> _The task_:
When you copy the data that follows, reproduce every word exactly and leave out the images.

> _Material provided_:

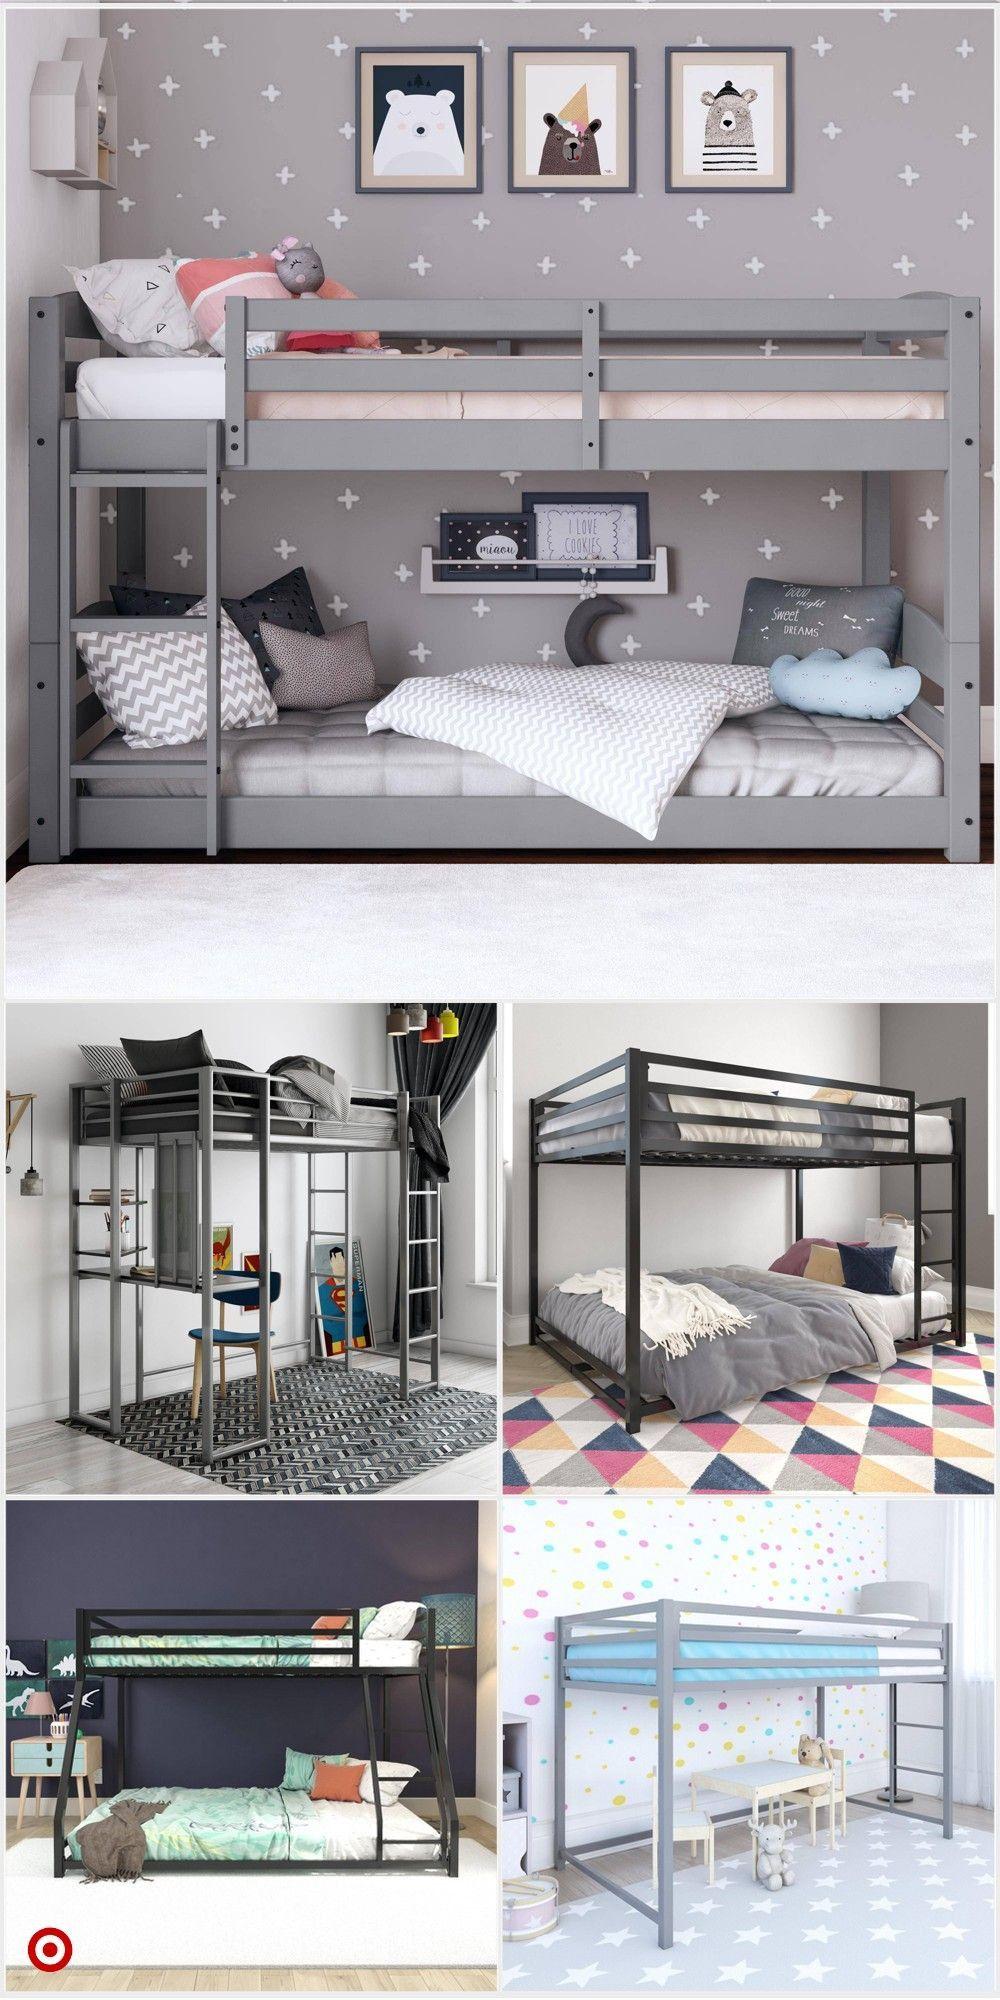 Best Price Bunk Beds Www Naturopathyandyogacouncil Com
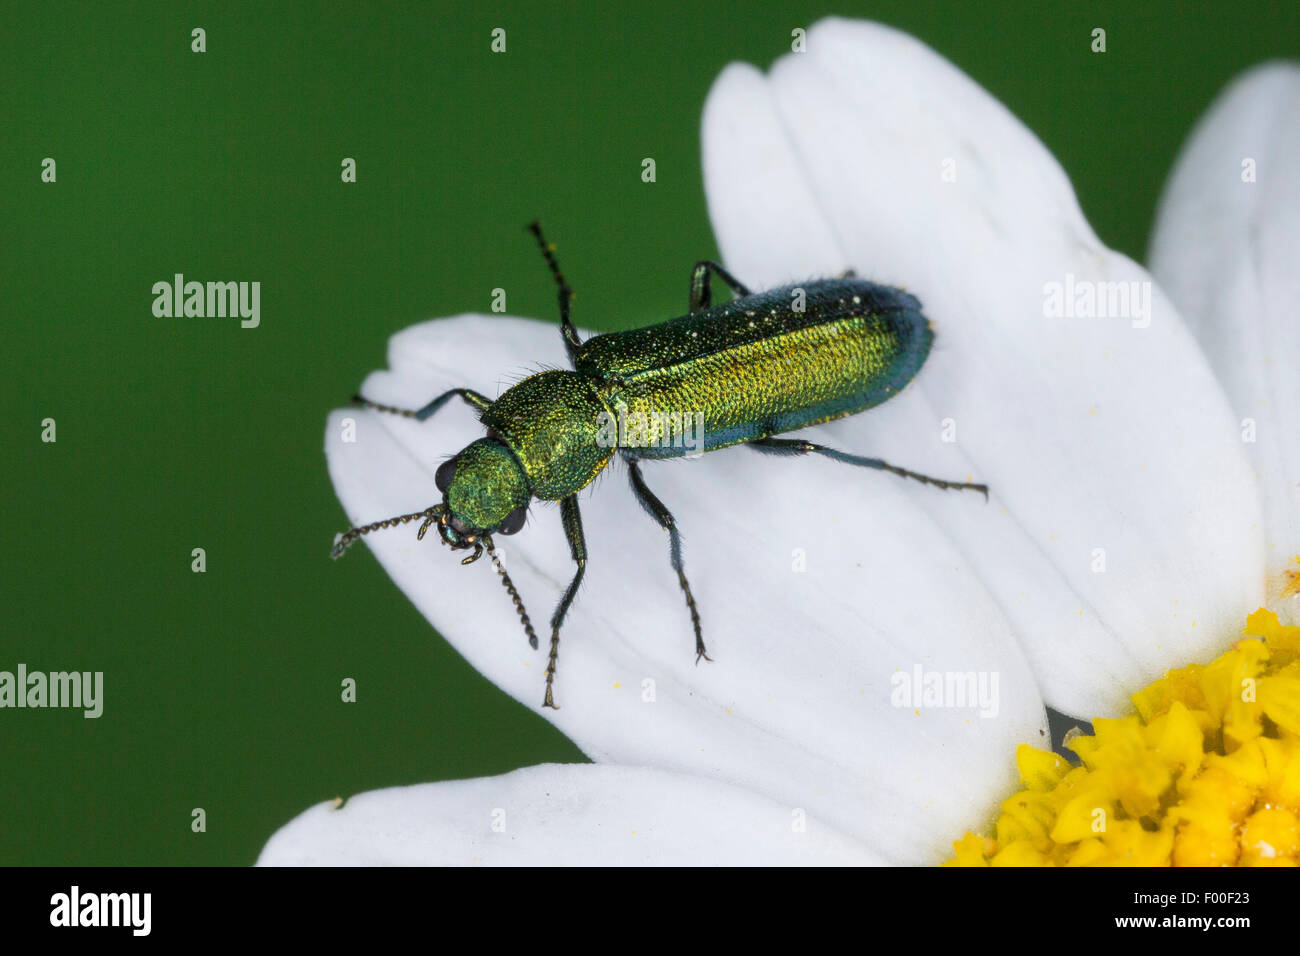 Soft-winged flower beetle (Psilothrix viridicoeruleus, Psilothrix viridicoerulea), su un fiore bianco, Germania Immagini Stock
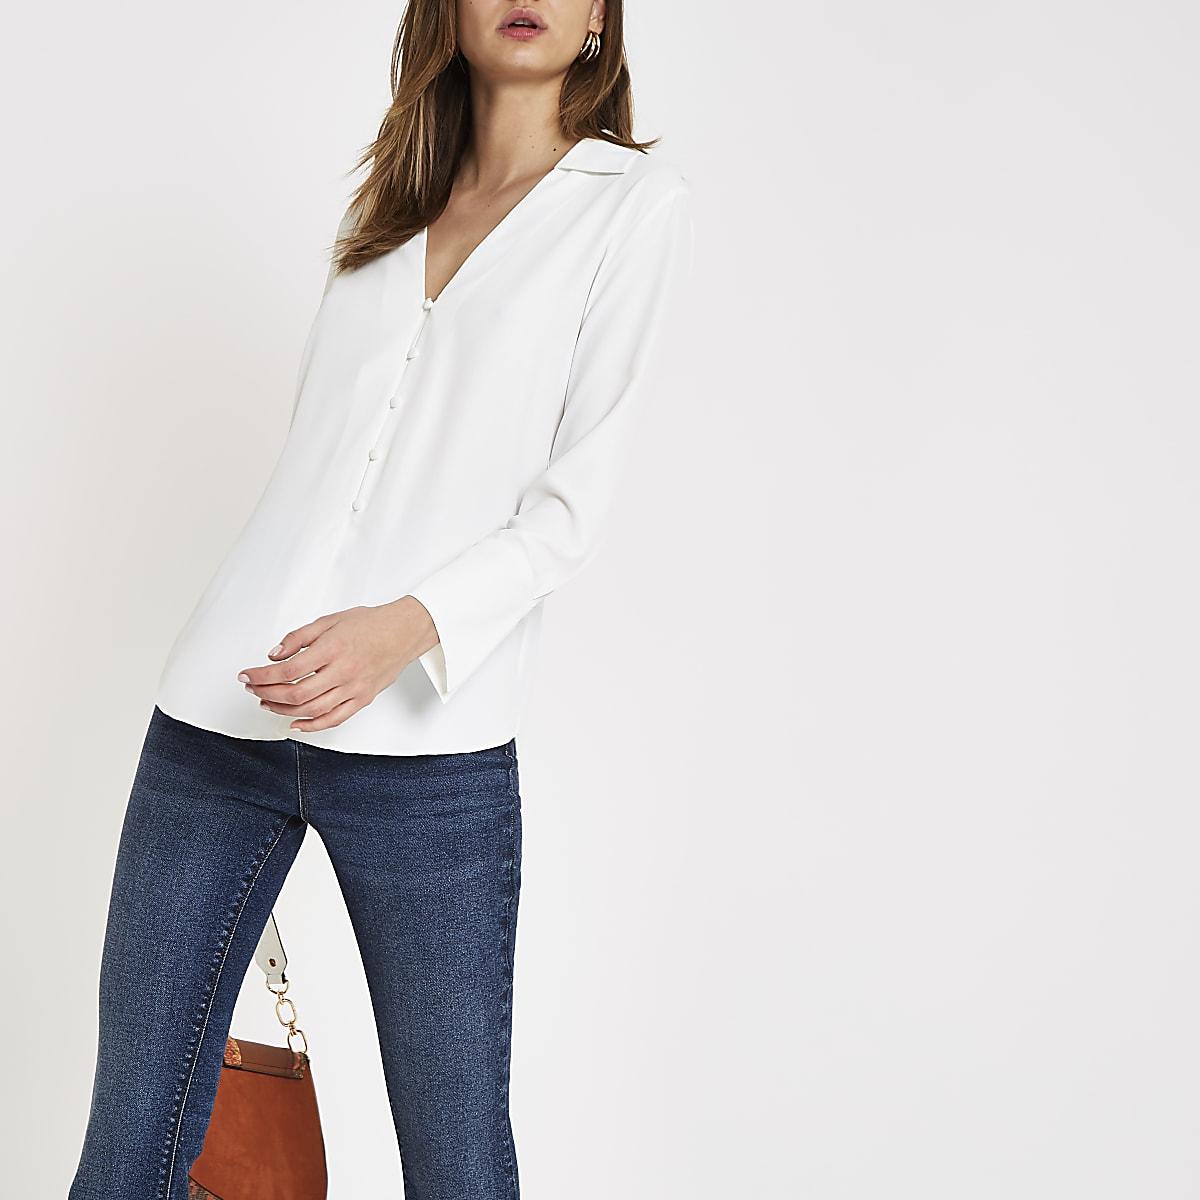 White v neck button through shirt
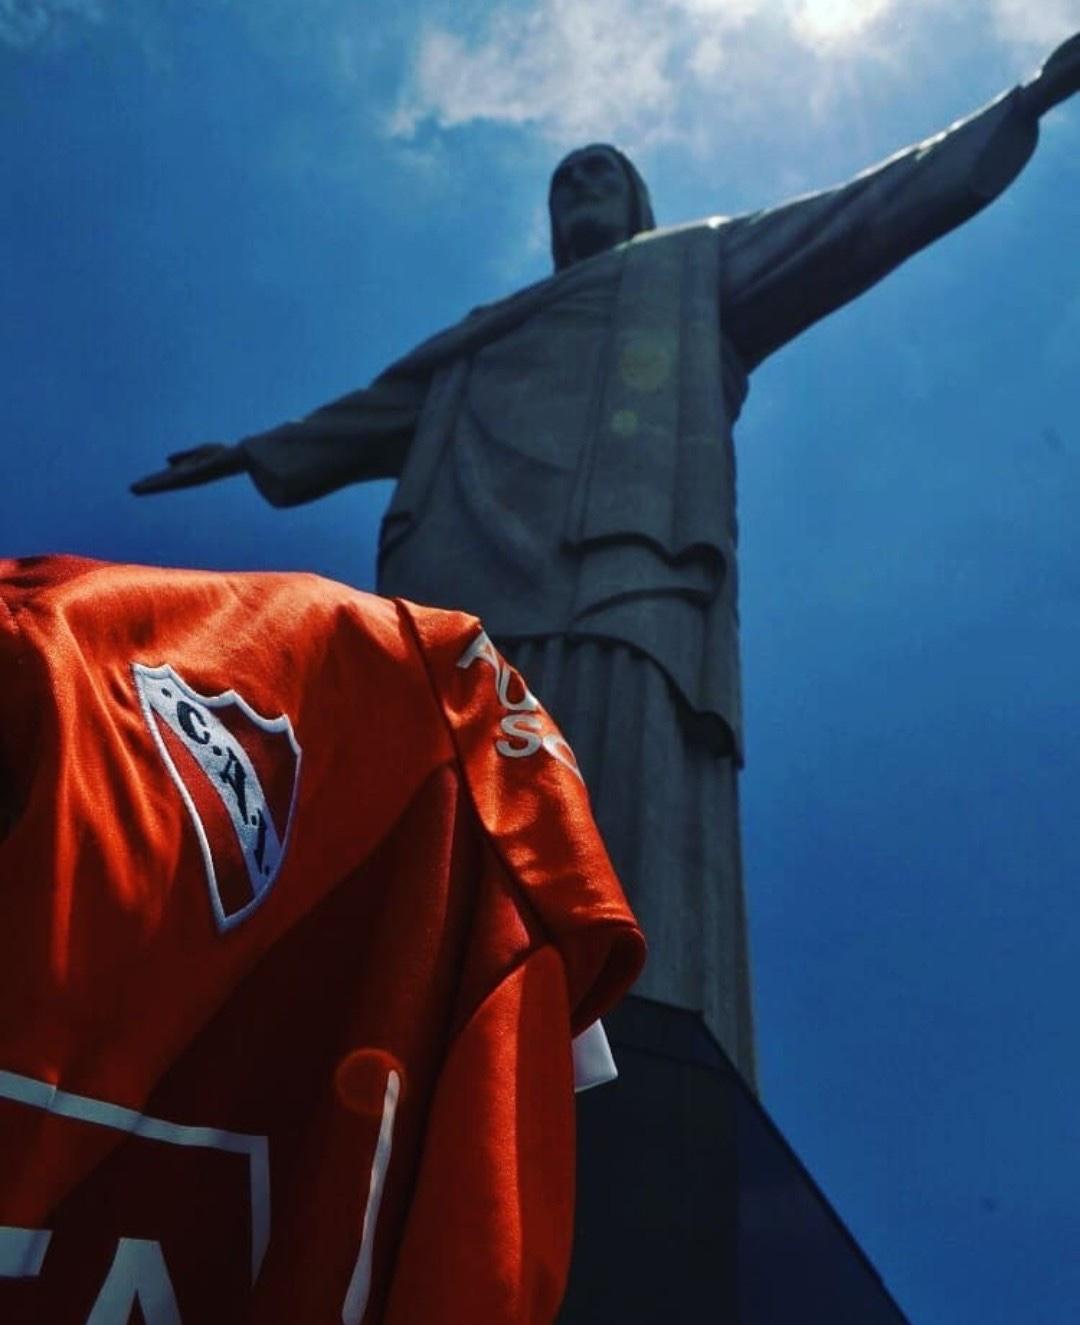 Independiente – SPROFONDO ROSSO

> _The completed task_:
 Best Price Bunk Beds Www Naturopathyandyogacouncil Com
 Soft-winged flower beetle (Psilothrix viridicoeruleus, Psilothrix viridicoerulea), su un fiore bianco, Germania Immagini Stock
 White v neck button through shirt
 Independiente – SPROFONDO ROSSO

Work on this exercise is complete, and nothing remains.